The Stare
Six in the morning outside Berghain. Still moving, barely—reeking of the night, pupils blown out, the kind of drunk where you stop noticing how cold it is. Sven Marquardt’s at the door. He looks at me the way he looks at everyone, and I understand immediately that I’m failing a test I didn’t know I was taking.
Sven’s been at that door long enough to stop being a person and start being an institution. No rulebook, no list, no system. He watches you and decides if you understand what the Berghain is actually trying to be. The stare is the whole conversation. You hold it or you don’t.
There’s something I respect in that clarity. In a city slowly turning itself into a theme park of what it used to be, Berghain still means something because it’s genuinely hard to get into. You can’t buy access. Can’t finesse past it with the right outfit or the right friends. You show up as yourself and hope Sven thinks you belong.
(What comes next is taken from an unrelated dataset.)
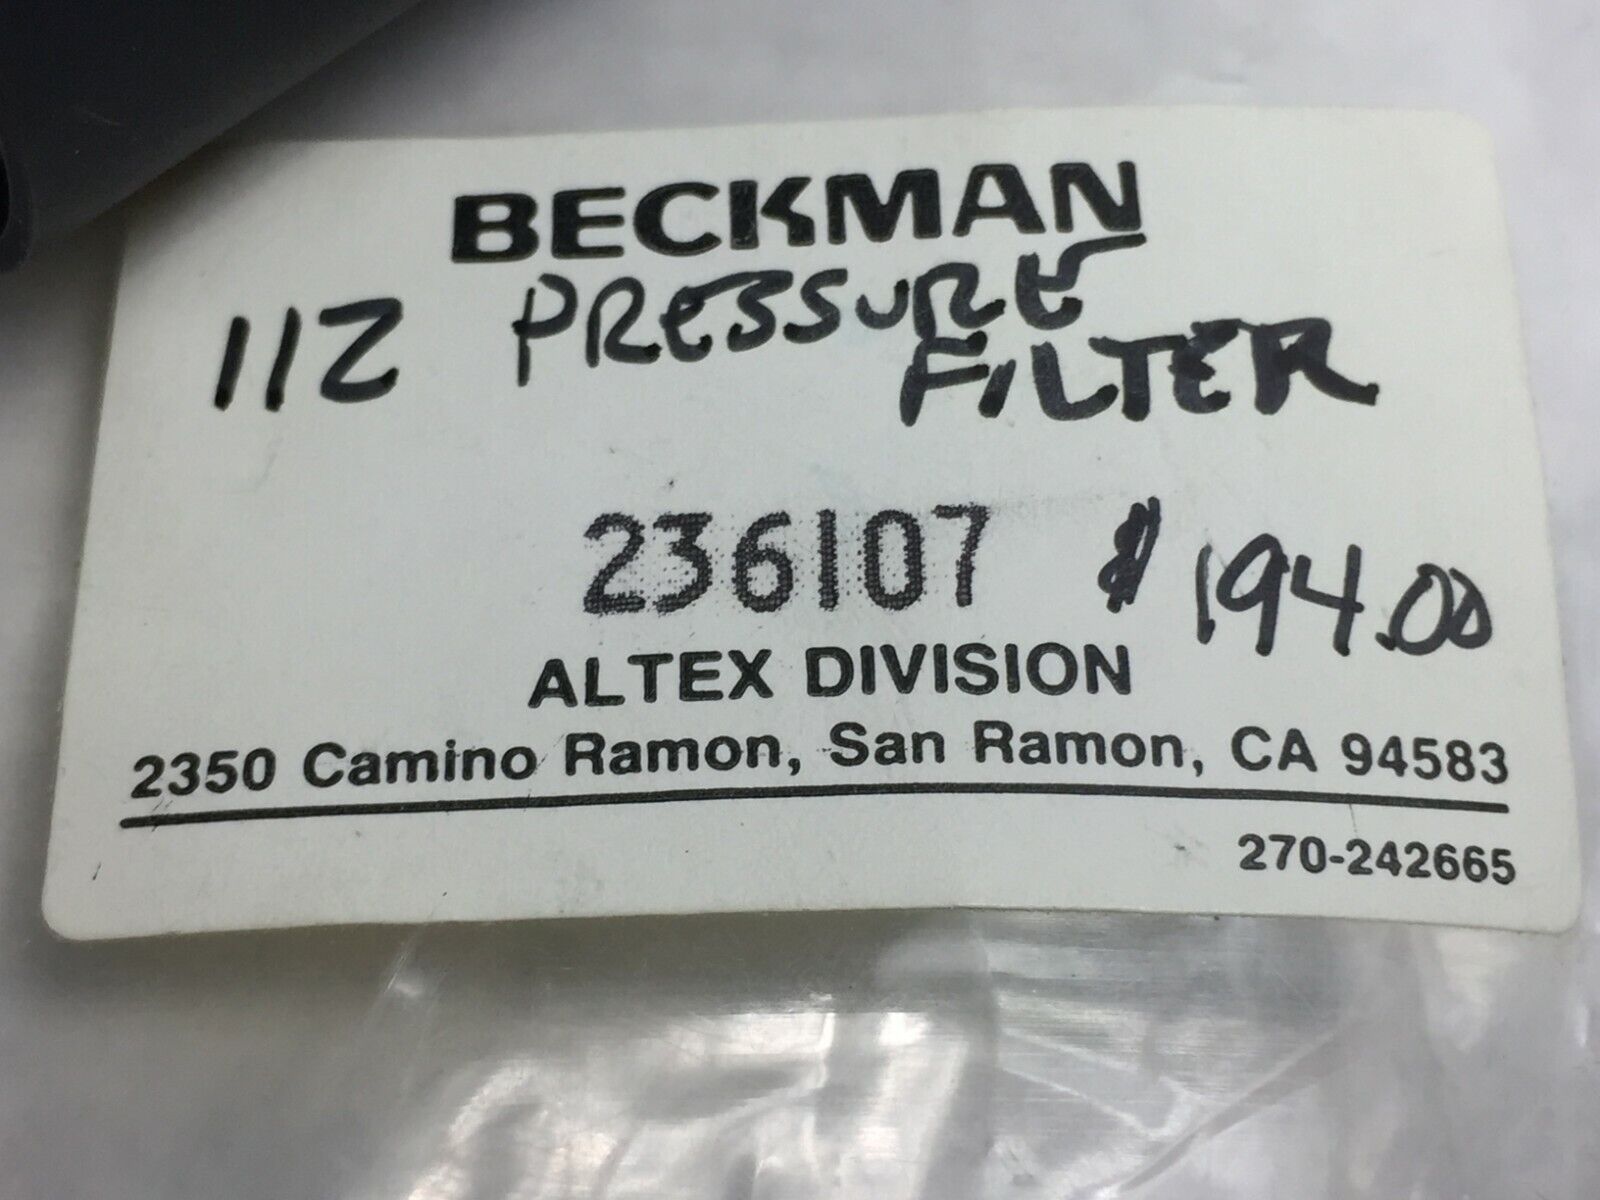 Beckman Pressure Filter 236107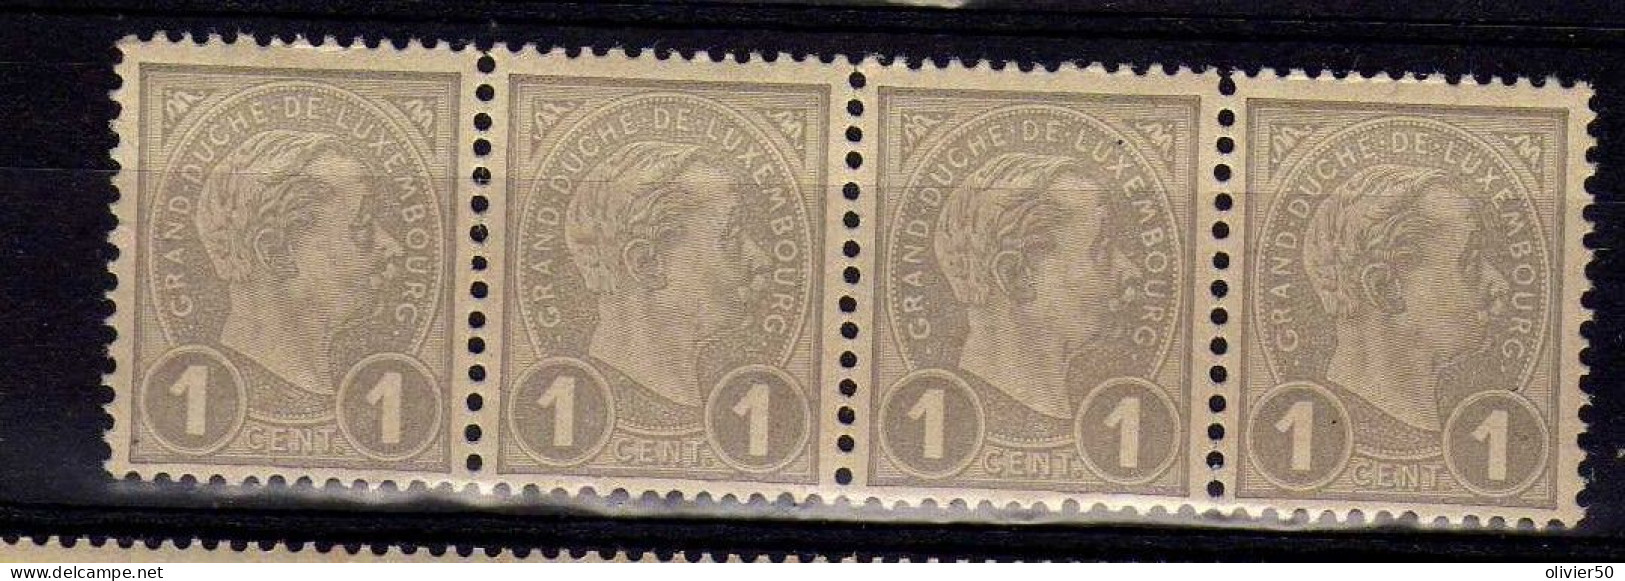 Luxembourg - (1895) - 1 C.  Grand-Duc Adolphe Ier  -  Neufs** - MNH - 1895 Adolfo De Perfíl

Ray-Ban created a promotional staring contest with Sven, which is funny in that hollow way—a sunglasses company trying to bottle the last genuine gatekeeping left in Berlin club culture and package it as an experience you can win. They’re right that Sven’s interesting. They’ve just completely missed what makes him matter.
What makes him matter is that he’s real. The club’s real. The people inside are there because they actually wanted to badly enough to pass the test. The moment you guarantee entry through a branded event, you’ve killed what you were reaching for.